You can view the entire gallery of prop shots at http://www.stolloween.com/?page_id=2686


----------



## jdubbya (Nov 6, 2005)

That's just too cool!
What a great collection.


----------



## beelce (Jul 21, 2007)

That is way cool!! I love it Stoll...


----------



## The Archivist (May 31, 2009)

All Hail Stolloween!!


----------



## Scary Godmother (Oct 13, 2007)

What great props, you are so talented! The group shot looks like some creepy class reunion!


----------



## steveshauntedyard (Nov 16, 2008)

Really cool to see all your stuff at once.


----------



## Dixie (Feb 18, 2009)

Omigosh, thats the coolest thing I have ever seen!! Love it!


----------



## malibooman (Aug 18, 2006)

Those look great.


----------



## Fiend4Halloween (Aug 28, 2008)

You could make a great "coffee table book" with all the great photos you take.


----------



## tot13 (Jul 25, 2007)

That was fun to see and really made me smile. I never realized the frogs were that large; I thought they were much smaller for some reason.


----------



## MAD BOMBER (Nov 12, 2008)

That would be one garage sale I would get outta bed on saturday for!!!!! (and buy a plane ticket, and rent a truck, and take out a second mortgage, and auction off my patrol car, and,) well you get the idea...Can I get an AMEN? Stolloween ROCKS!!!!!!!!!


----------



## IMU (Apr 8, 2009)

Looks like a Stolloween Shrine to the Mache Gods! Awesome collection of props.


----------



## Tyler (Jul 17, 2008)

WOW thats awesome putting them together like that.
Where do you store it all!!!haha
Your stuff is amazing!


----------



## RoxyBlue (Oct 6, 2008)

Scary Godmother said:


> What great props, you are so talented! The group shot looks like some creepy class reunion!
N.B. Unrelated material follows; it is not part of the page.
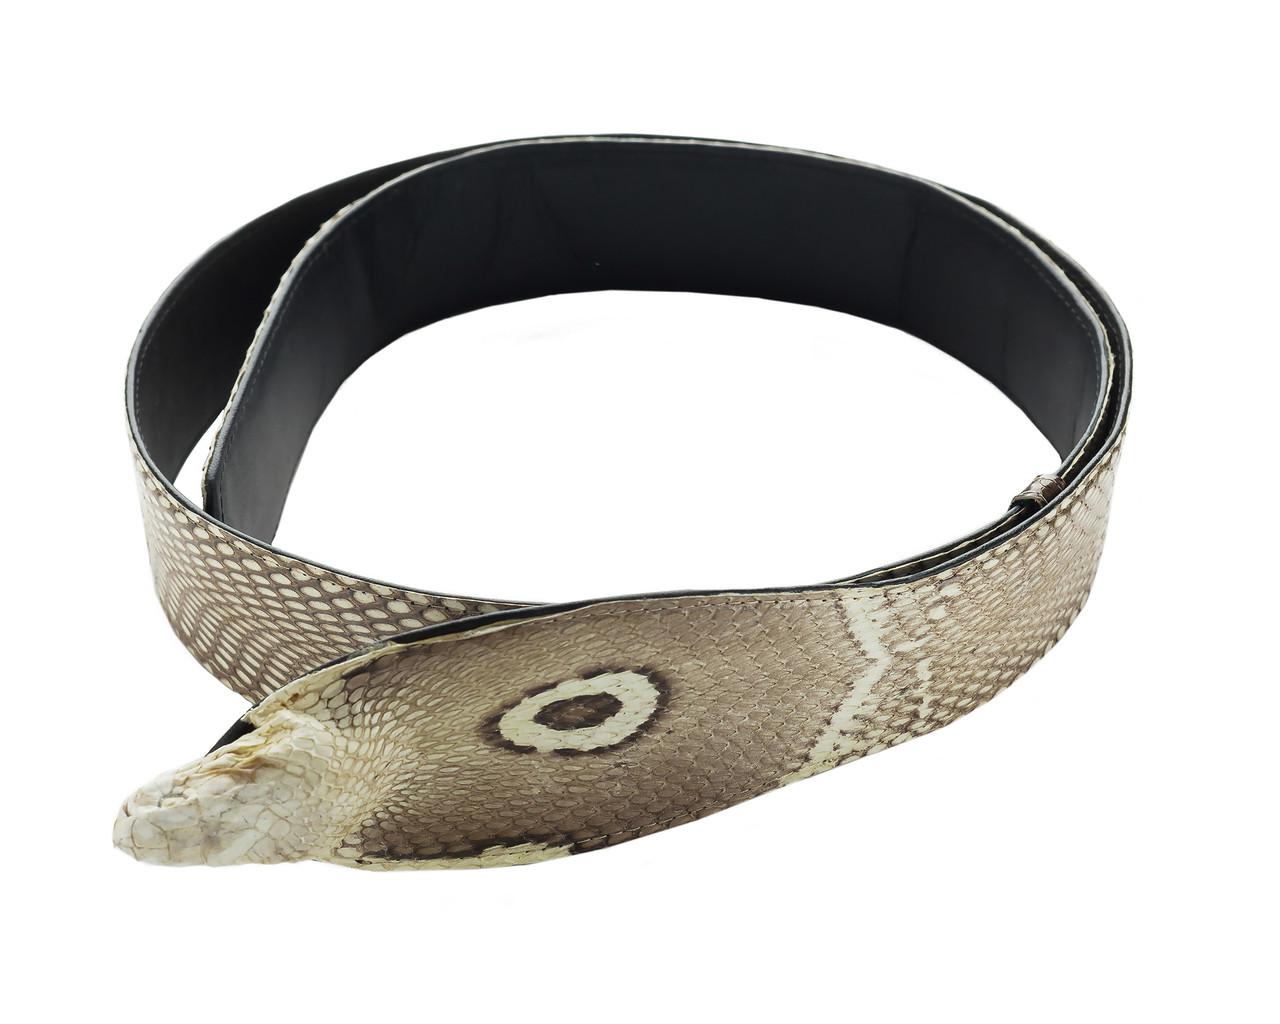 Ремень изк ожи кобры для джинсов Ekzotic Leather (snb18), фото 1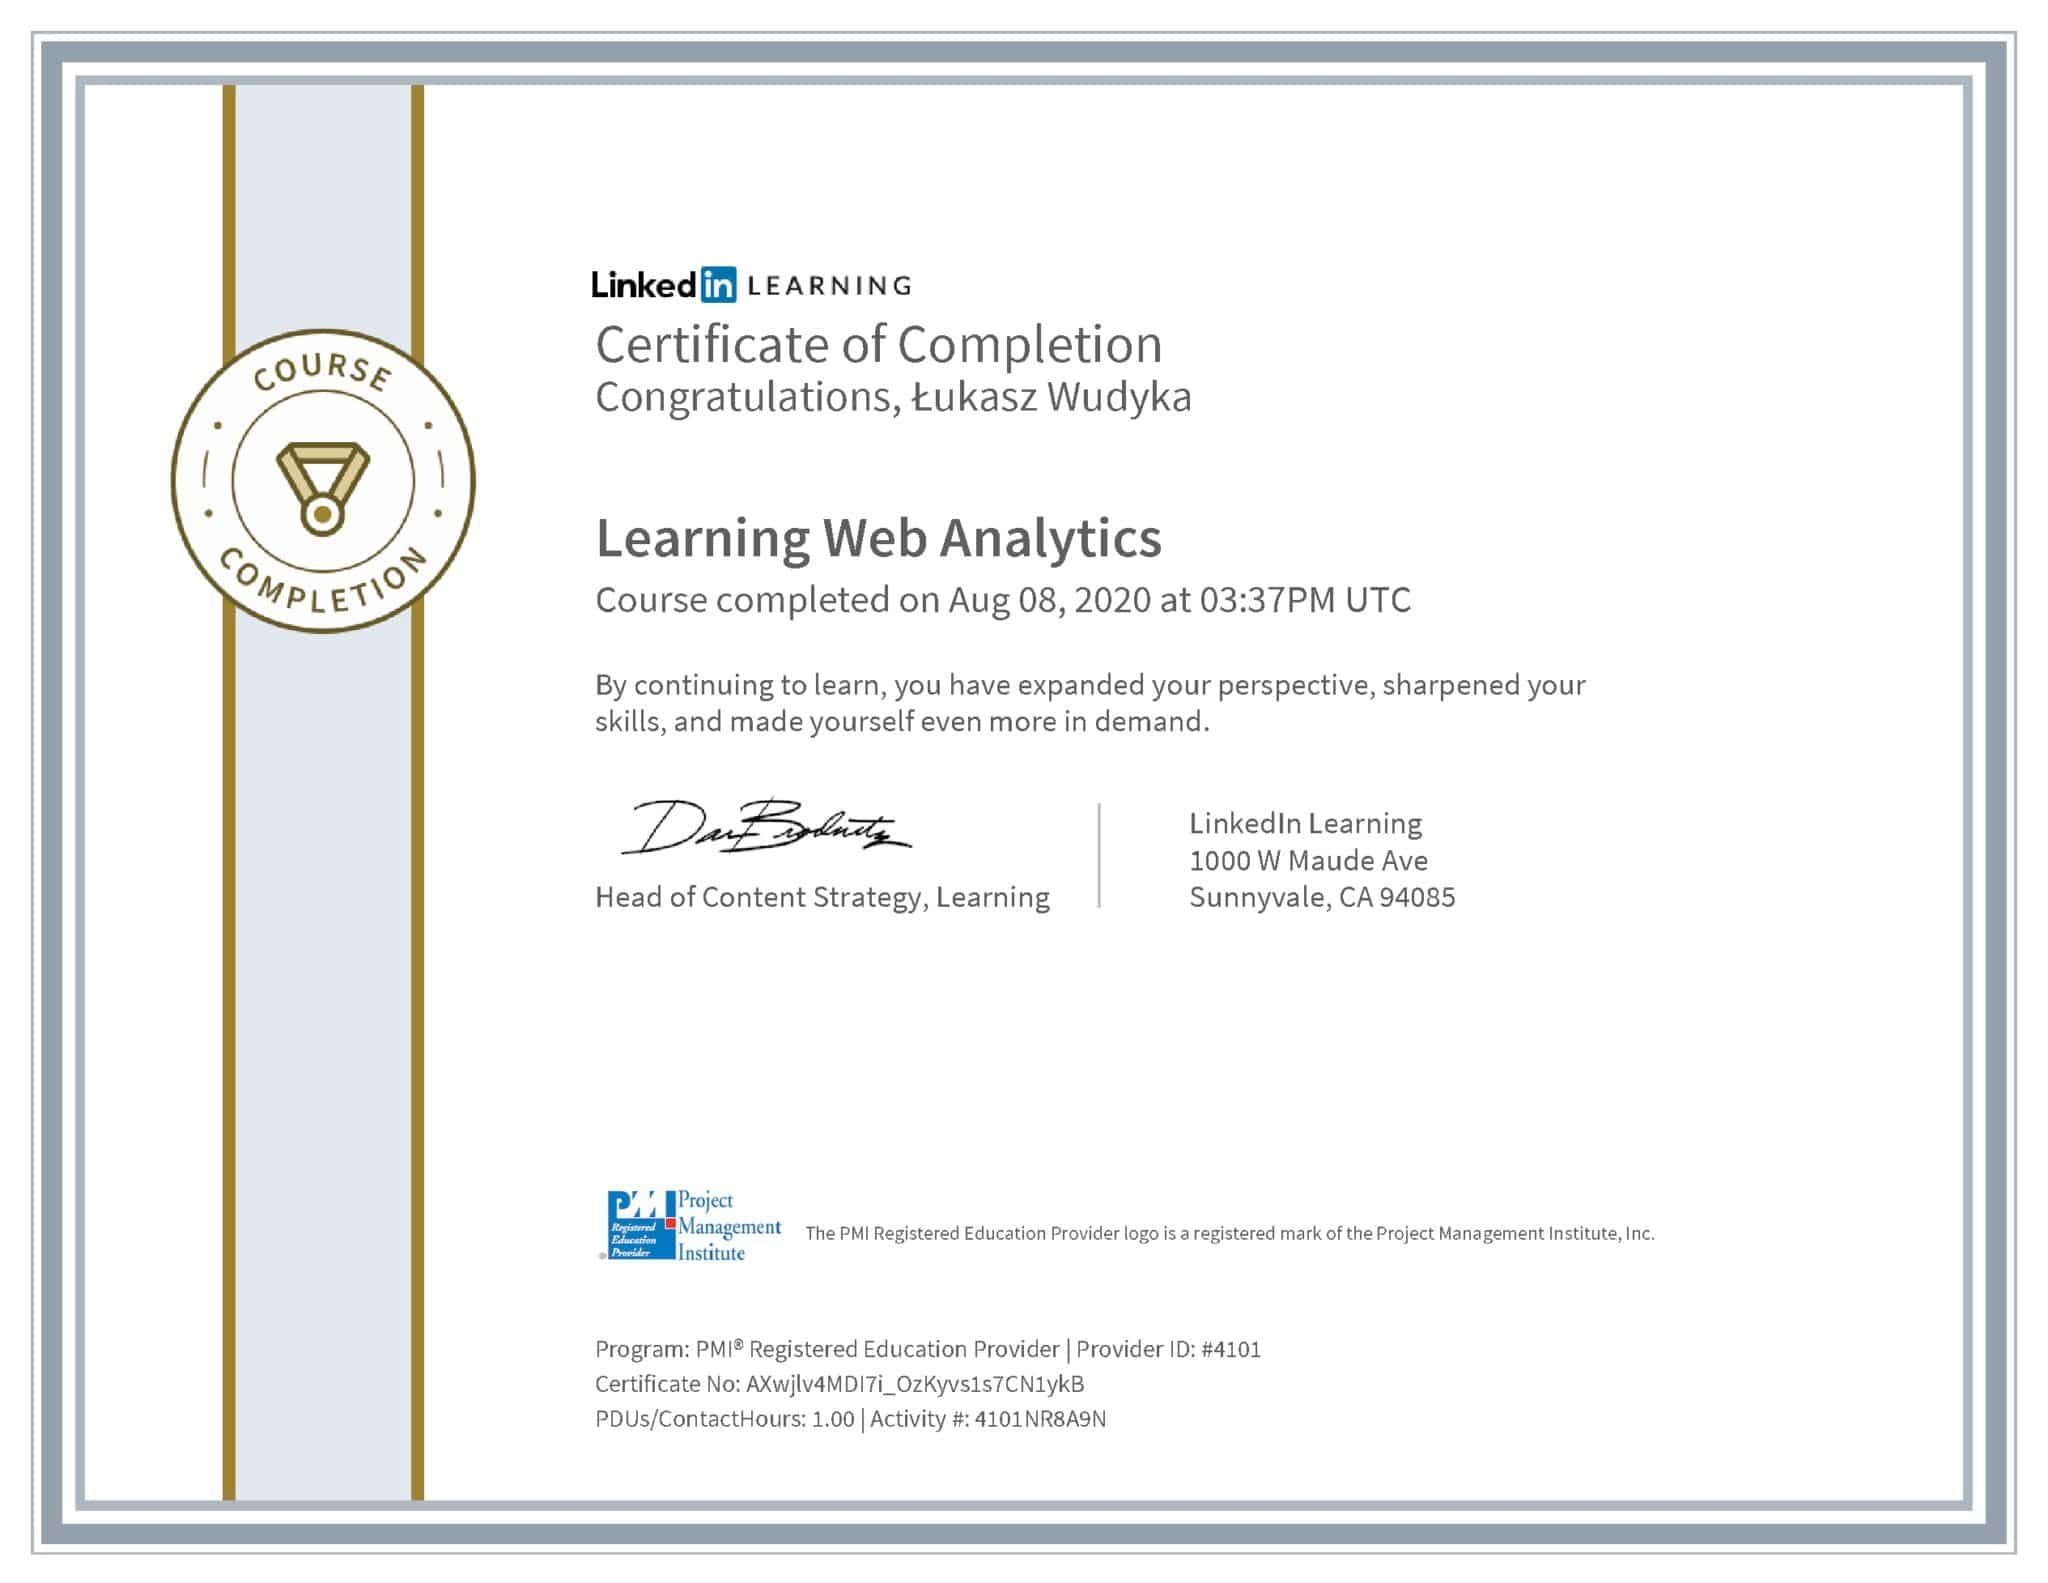 Łukasz Wudyka certyfikat LinkedIn Learning Web Analytics PMI

LOL, Scary, I was just thinking "high school graduation class of 1947"!

Really, Stoll, going to all that trouble to put everything back into your garage when you have so many friends here who would been _happy_ to relieve you of that terrible burden by providing space in their own homes for some of those creatures.:googly: What _were_ you thinking?


----------



## GrimleeFeindish (Jan 23, 2009)

Gorgeous work, its really cool seeing everything together. You are the man.


----------



## Lady Nyxie (Aug 30, 2006)

Neato! 

Inspirational (cause your work is awesome, original and creative) and yet disappointing (cause I know if I tried it I wouldn't even be able to make a recognizable mountain).


----------



## MotelSixx (Sep 27, 2008)

two thumbs up!!!!!!


----------



## Spooky1 (Aug 25, 2008)

Looks like an audience waiting for a show to start.


----------



## Aelwyn (Jul 7, 2008)

Holy cow! Very nice!


----------



## Lauriebeast (Feb 27, 2007)

I love seeing all these beautiful pieces grouped together like that. What a talent you have Scott!


----------



## joker (Sep 25, 2007)

SHOW OFF!!!!

Seriously though nice work.


----------



## Dark Angel 27 (Sep 11, 2008)

i love the dragon/gargoyle in the first shot! your work never ceases to amaze me. i wish i had even a small amount of the talent you have!


----------



## Joiseygal (Sep 3, 2008)

Sweet collection!


----------



## Creep Cringle (Jun 23, 2009)

That is what I want my family photo to look like! Awesome!


----------



## pyro (Oct 7, 2006)

what a nice group shot


----------



## Northern Touch (Nov 8, 2006)

your are truly the Mache master....Your work so so cool and to see all those pieces together looks sweet, can't wait to see your haunt this year...


----------



## kprimm (Mar 14, 2009)

All i can say is you truly are a master at your craft and no one can ever deny it.


----------



## HauntCast (Jul 25, 2008)

Next time you are reorganizing I'll stop by with a truck to save you the trouble of having to put everything back in storage. You the mache MAN!


----------